┏━━
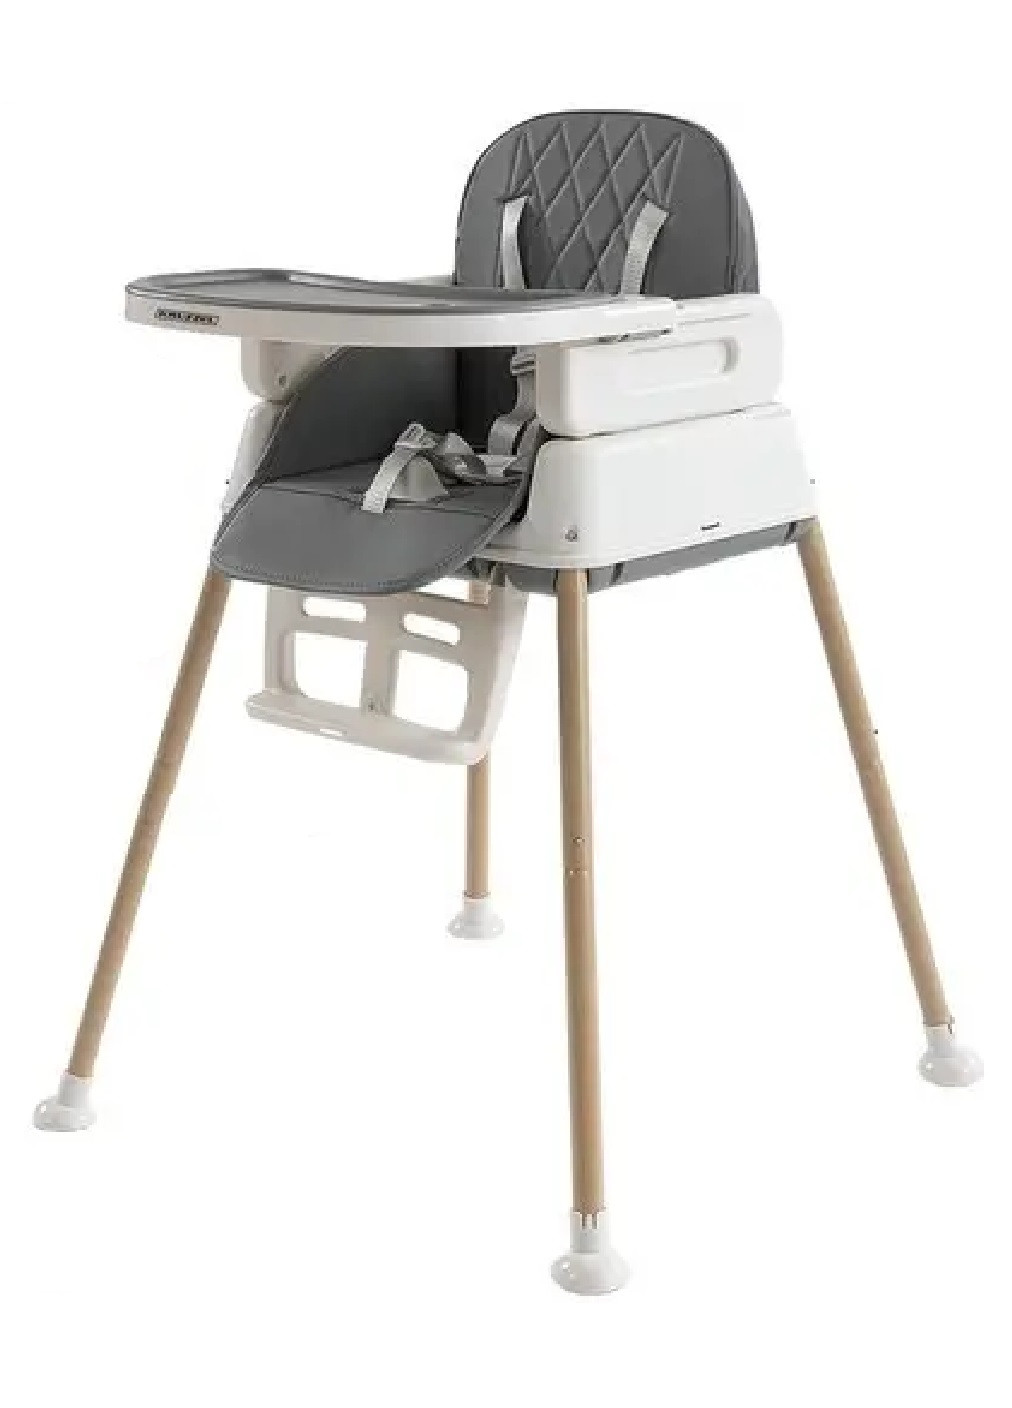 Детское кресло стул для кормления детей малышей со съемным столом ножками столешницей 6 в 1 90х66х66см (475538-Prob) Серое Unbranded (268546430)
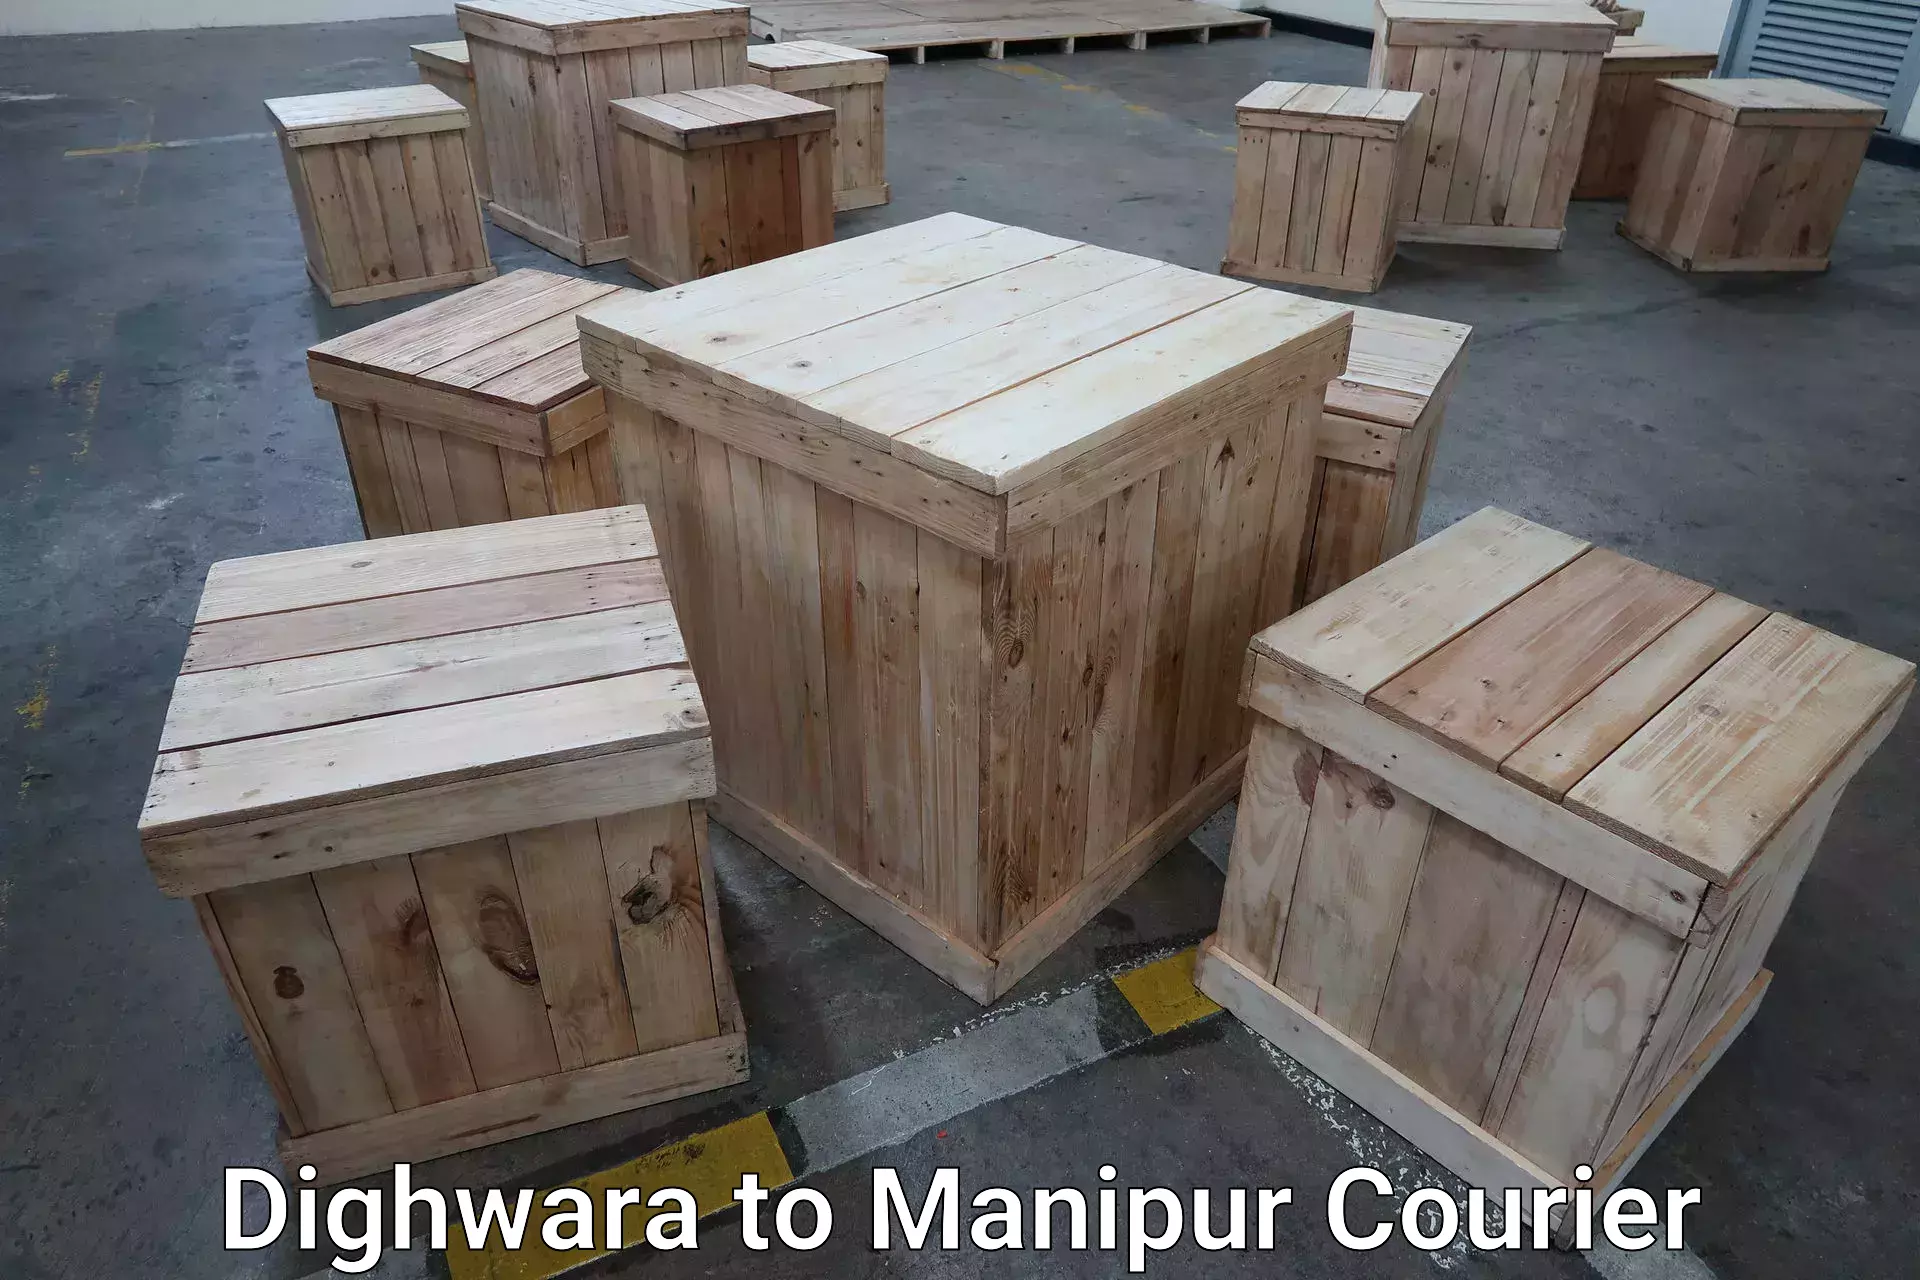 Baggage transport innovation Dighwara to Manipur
┗━━
┏━━
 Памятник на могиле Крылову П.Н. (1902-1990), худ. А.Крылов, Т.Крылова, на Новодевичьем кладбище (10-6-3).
┗━━
What to do:
Give again the stretch of lines above from the one with "Детское кресло стул" through the one with "Baggage transport innovation", both ends kept, and copy no pictures.

Expected output:
 Детское кресло стул для кормления детей малышей со съемным столом ножками столешницей 6 в 1 90х66х66см (475538-Prob) Серое Unbranded (268546430)
 Baggage transport innovation Dighwara to Manipur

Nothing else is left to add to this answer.